Сколько ценил Кассий горечь и жестокость своей речи, показывает его словцо, брошенное кому-то, кто гордился способностью уязвить противника: «Что ты сделаешь, когда я вторгнусь в твое имение?» В увлечении он не щадил никого; едкость его шуток порицали поклонники мягкого остроумия, свойственного Домицию Афру. Некто, выступая в суде, без конца упоминал иберийскую траву, вызывая общее недоумение, пока Кассий, держась с притворной важностью, словно человек, толкующий оракул, не возвестил судьям, что имеется в виду метельник. Один грамматик, ведший судебные дела, порицал ошибку против языка, допущенную его противником; Кассий просил судей об отсрочке, дабы его подзащитный мог нанять себе грамматика, коль скоро тяжба у них не о законах, а о произношении. На пиру некто, бахвалясь своими пороками, повторял, что не замечает, чтобы небеса на него гневались; Кассий заметил, что глупость – единственное наказание, которого человек не чувствует. Придя на декламацию Цестия, он колким замечанием прервал и смутил оратора, а когда тот велел ему уйти, иначе он не будет декламировать, Кассий заявил, что никогда еще не уходил из бани немытым. Впоследствии обвинив Цестия перед преторами и переполошив несчастного до того, что тот потерял всякое здравомыслие, Кассий, по-видимому, руководствовался столько же пристрастием обвинять, сколько желанием отомстить за тень Цицерона.

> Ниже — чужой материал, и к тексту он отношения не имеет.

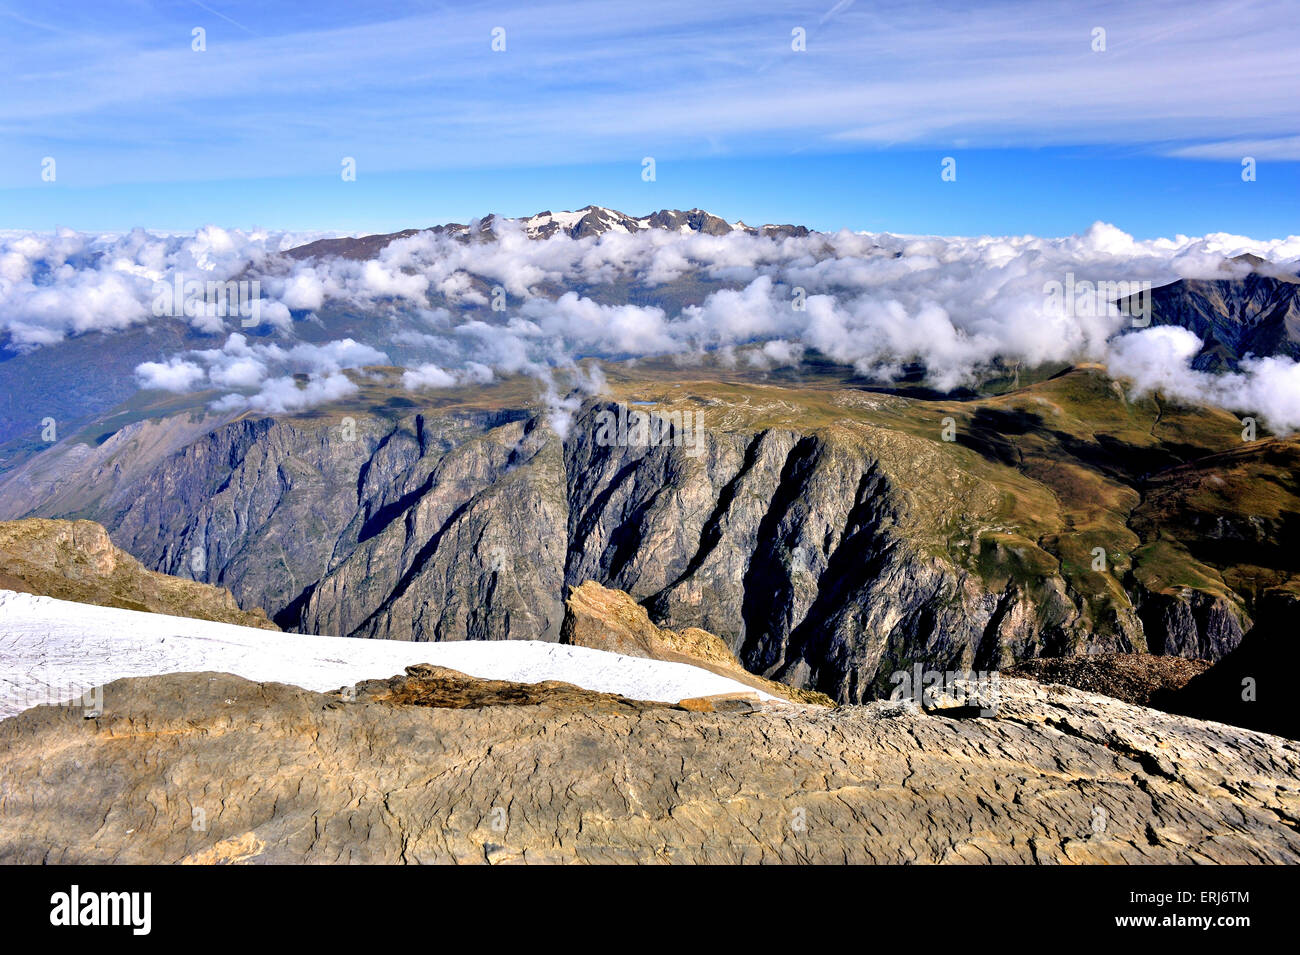 Vista panoramica dell'altopiano d' Emparis e la catena montuosa delle Grandes Rousses delle Alpi Savoy in background Foto Stock

Какой-то египтянин сулил ему вывести любого из умерших; Кассий противился, не имея охоты к нечестию, однако египтянин начал уверять, что ему самому отвратительно завлекать души гнусными средствами, что, кроме некромантии, при которой надобна пролитая кровь, есть иной род волшебства, называющийся скиомантией, которому ничего не надо, лишь бы призываемый был мертв; что один из его земляков, грамматик, при помощи травы, именуемой у них осиритис, вызвал тень Гомера, дабы узнать его отчизну и имена родителей, и что это не преступнее, чем гадать по светильне; прибавив к этому множество клятв и рассуждений, он выставил себя глубоким знатоком своего ремесла и наконец убедил Кассия, сказавшего, что если он его уломал, то, верно, и мертвого сумеет. В назначенную ночь египтянин привел его в какую-то беседку посреди чужого сада, поставил Кассия в стороне, а сам, одетый в льняное платье и с повязкой на голове, очистил все серным дымом и, держа в левой руке кинжал, принялся читать заклинания, сперва почтительные, потом угрожающие, пока не поднялась высокая тень. Кассий, удивленный, думая, что это кто-то из ораторов, пытался его расспросить, но, видя, что призрак хранит молчание и лишь поводит рукою, словно чистя щит, рассмеялся и сказал ему: «Бедняга, ты и по смерти занимаешься все тем же? Вот несчастье – играть так скверно, да еще на забаву одному». Когда же египтянин, смущенный, но упорствующий, принялся ходить вокруг призрака с заклинаниями, а тот все занимался своим делом, не внемля магу, Кассий оставил их и ушел, примолвив напоследок, что не раз видел такое в суде – как оратор читает речь по писаному, не справляясь с тем, что происходит вокруг, и объявляя: «Вот он с мольбою простирает руки к вашим коленам» или: «Этот несчастный обнимает своих детей», в то время как обвиняемый ничего подобного не делает: эту ребяческую скованность Кассий презирал и преследовал насмешками, где только мог».